Но вскоре Пьер убедился, что ему трудно думать на ходу, что даже легкий шум его шагов мешает ему сосредоточиться, путает мысли, затуманивает память.
Чтобы проникнуть в прошлое и в неизвестные ему события зорким взглядом, от которого ничего не должно укрыться, ему нужен был полный покой, простор и безлюдие. И он решил пойти посидеть на молу, как в тот вечер, когда он встретился там с Жаном.
Приближаясь к порту, он услышал с моря горестный и протяжный стон, похожий на мычание быка, но более громкий, зловещий. Это был вопль сирены, вопль кораблей, заблудившихся в тумане.

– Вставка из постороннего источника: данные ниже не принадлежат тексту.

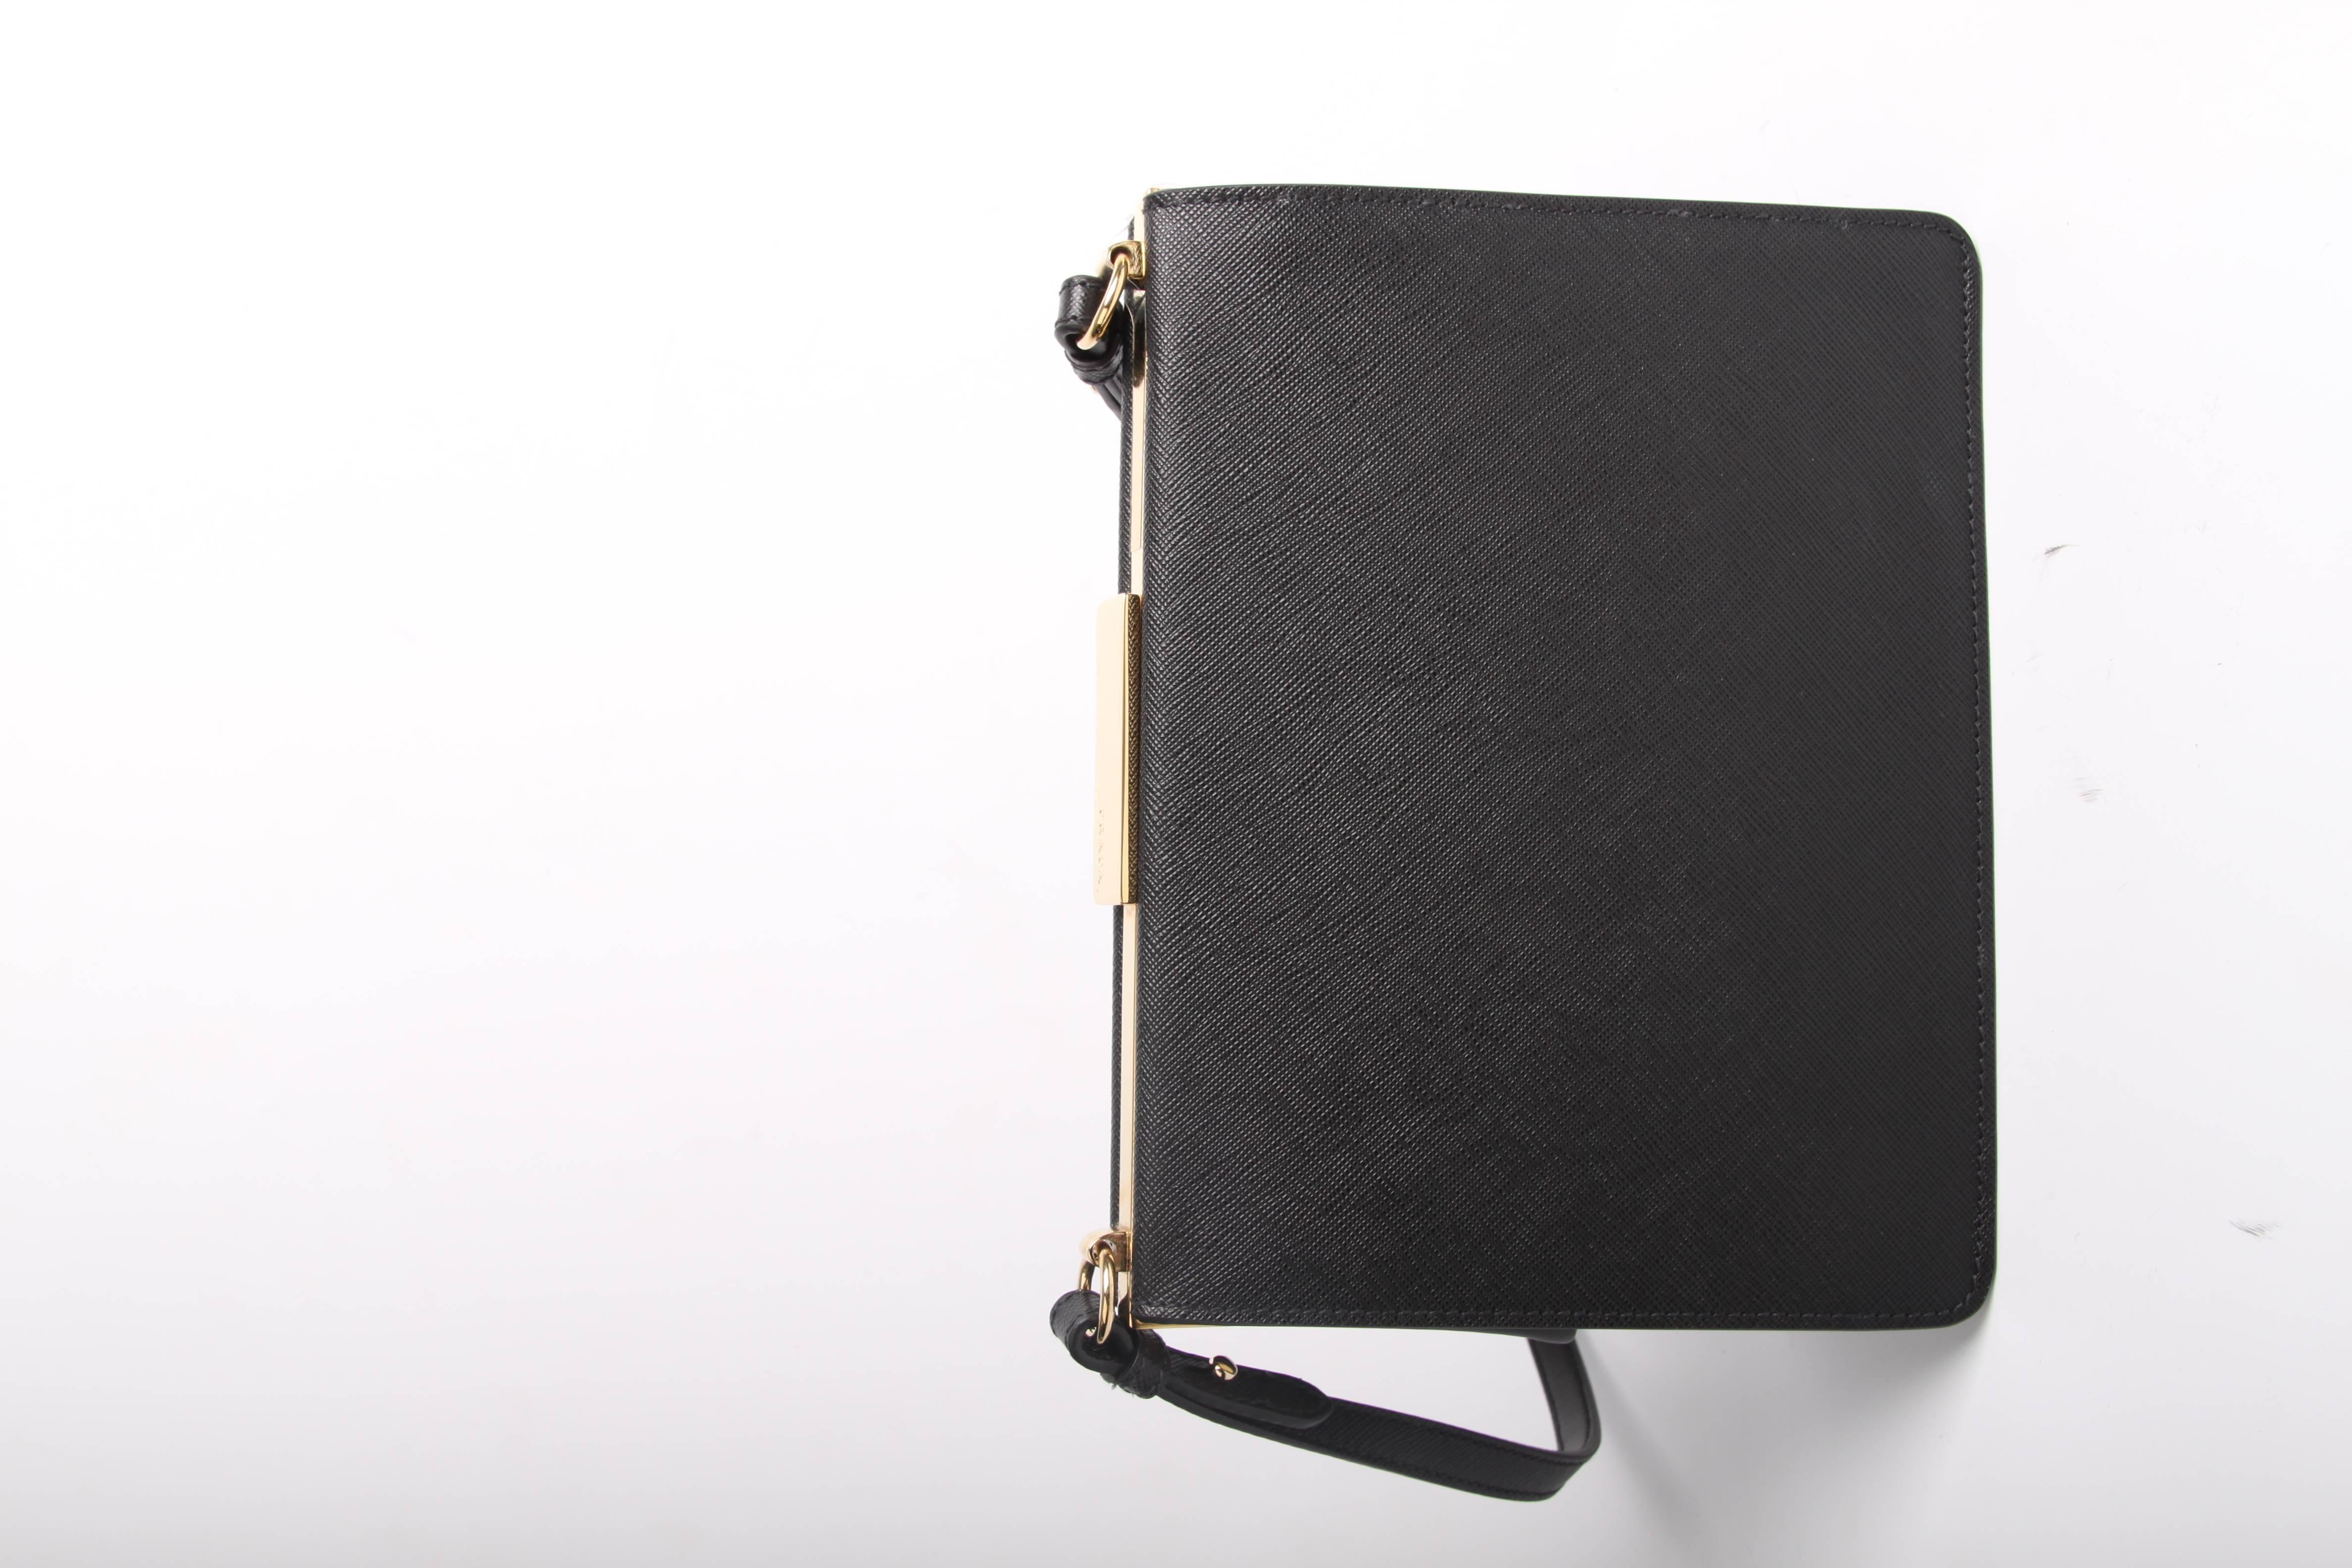 6c5a1ab60150ca Prada Light Frame Saffiano Leather Shoulder Bag - black 2018 at 1stdibs

Дрожь пробежала у него по телу, сердце замерло, так сильно отдался в его душе, в его нервах этот крик о помощи, как будто вырвавшийся у него самого. Где-то немного дальше застонал другой такой же голос, а совсем близко портовая сирена испустила в ответ душераздирающий вой.
Пьер, широко шагая, дошел до мола, не думая больше ни о чем, радуясь тому, что его поглотила угрюмая ревущая тьма.

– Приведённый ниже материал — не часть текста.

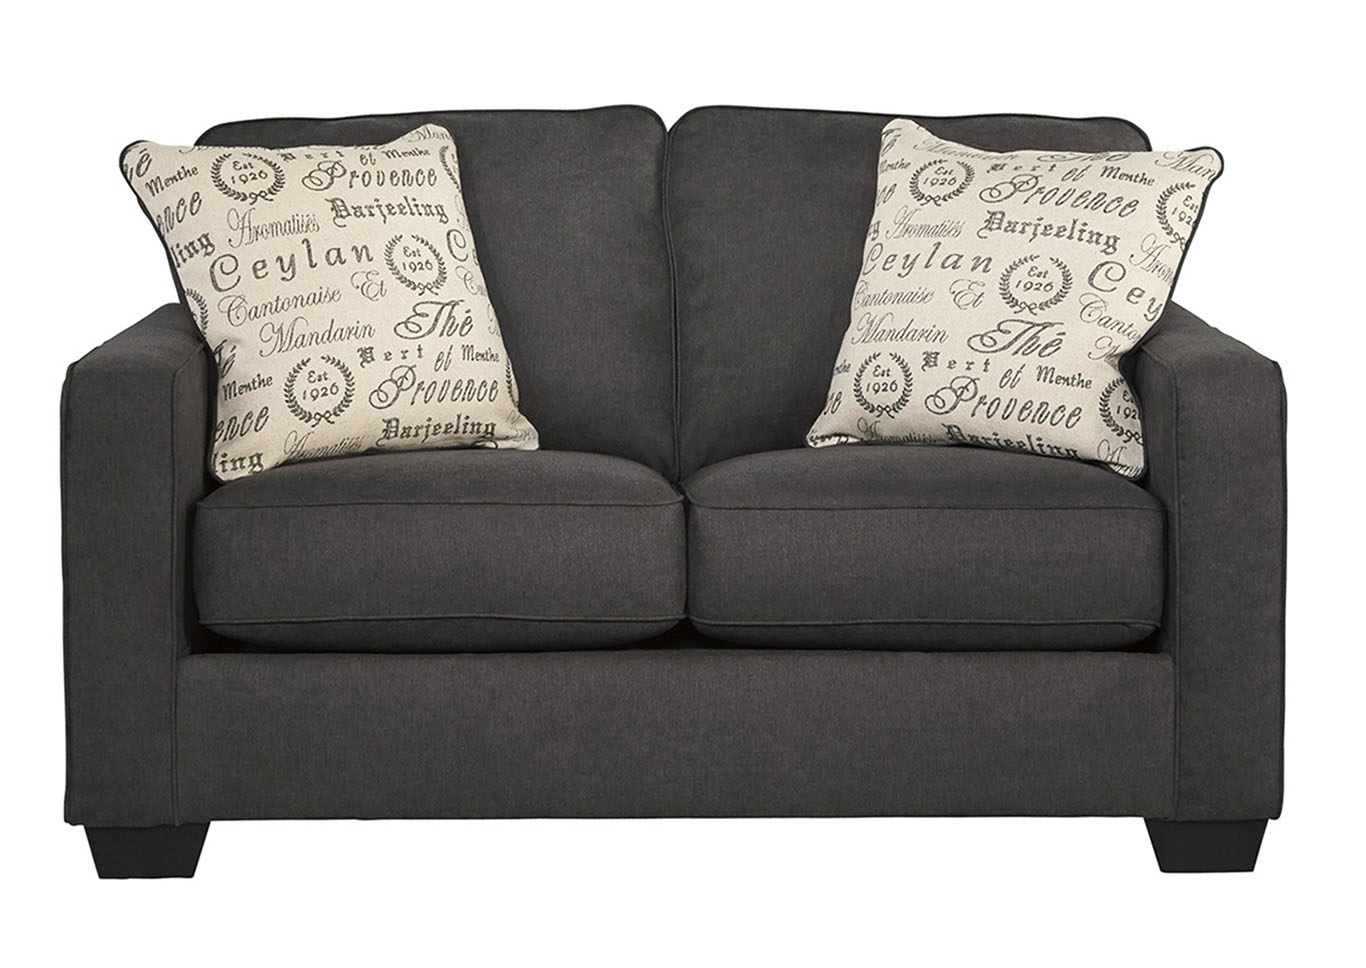 Frugal Furniture   Boston, Mattapan, Jamaica Plain, Dorchester MA Alenya  Charcoal Loveseat

Усевшись на конце мола, он закрыл глаза, чтобы не видеть ни затянутых мглой электрических фонарей, ночью открывающих доступ в порт, ни красных огней маяка на южном молу, едва, впрочем, различимых.

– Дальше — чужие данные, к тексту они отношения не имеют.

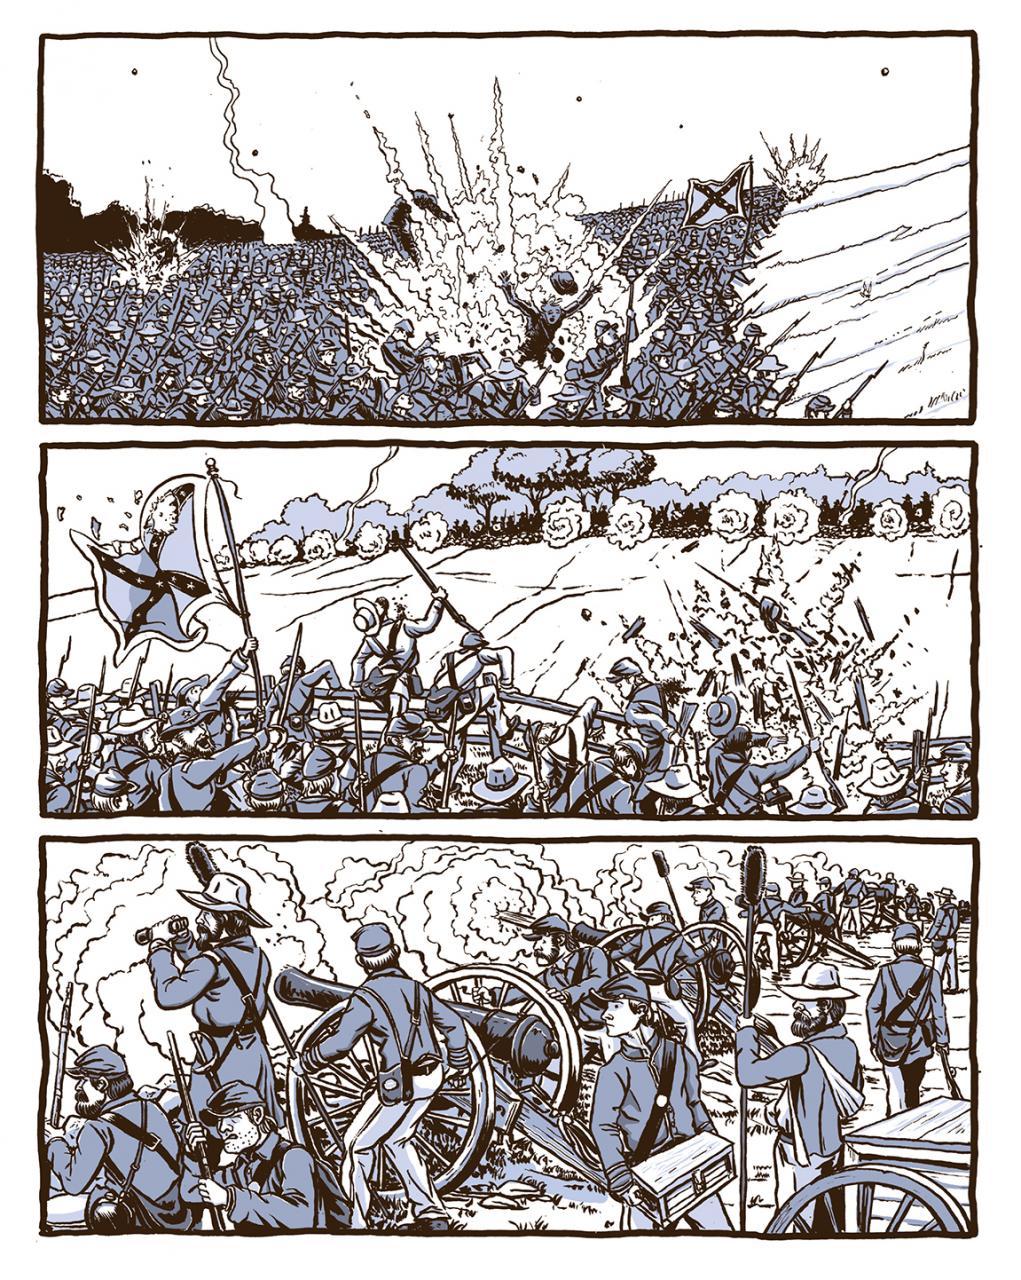 Gettysburg_Illustration_4

Потом, повернувшись вполоборота, он облокотился на гранит и спрятал лицо в ладони.
Мысль его повторяла имя, которого не произносили уста: «Марешаль! Марешаль!» — как бы призывая, воскрешая, заклиная тень этого человека. И вдруг на черном фоне, за опущенными веками Пьер увидел Марешаля, каким он знал его. Это был человек лет шестидесяти, среднего роста, с седой остроконечной бородкой, с густыми седыми бровями. У него были добрые серые глаза и скромные манеры. Он производил впечатление славного, простого, ласкового в обращении человека. Он называл Пьера и Жана «милые дети», никогда, казалось, не отдавал ни одному из них предпочтения перед другим и часто приглашал их обоих к обеду.
С упорством охотничьей собаки, которая идет по выдыхающемуся следу, Пьер восстанавливал в памяти слова, жесты, звук голоса, самый взгляд этого человека, исчезнувшего с лица земли. Мало-помалу он полностью воссоздал облик Марешаля, каким он видел его в квартире на улице Тронше, где старый друг семьи принимал у себя обоих братьев.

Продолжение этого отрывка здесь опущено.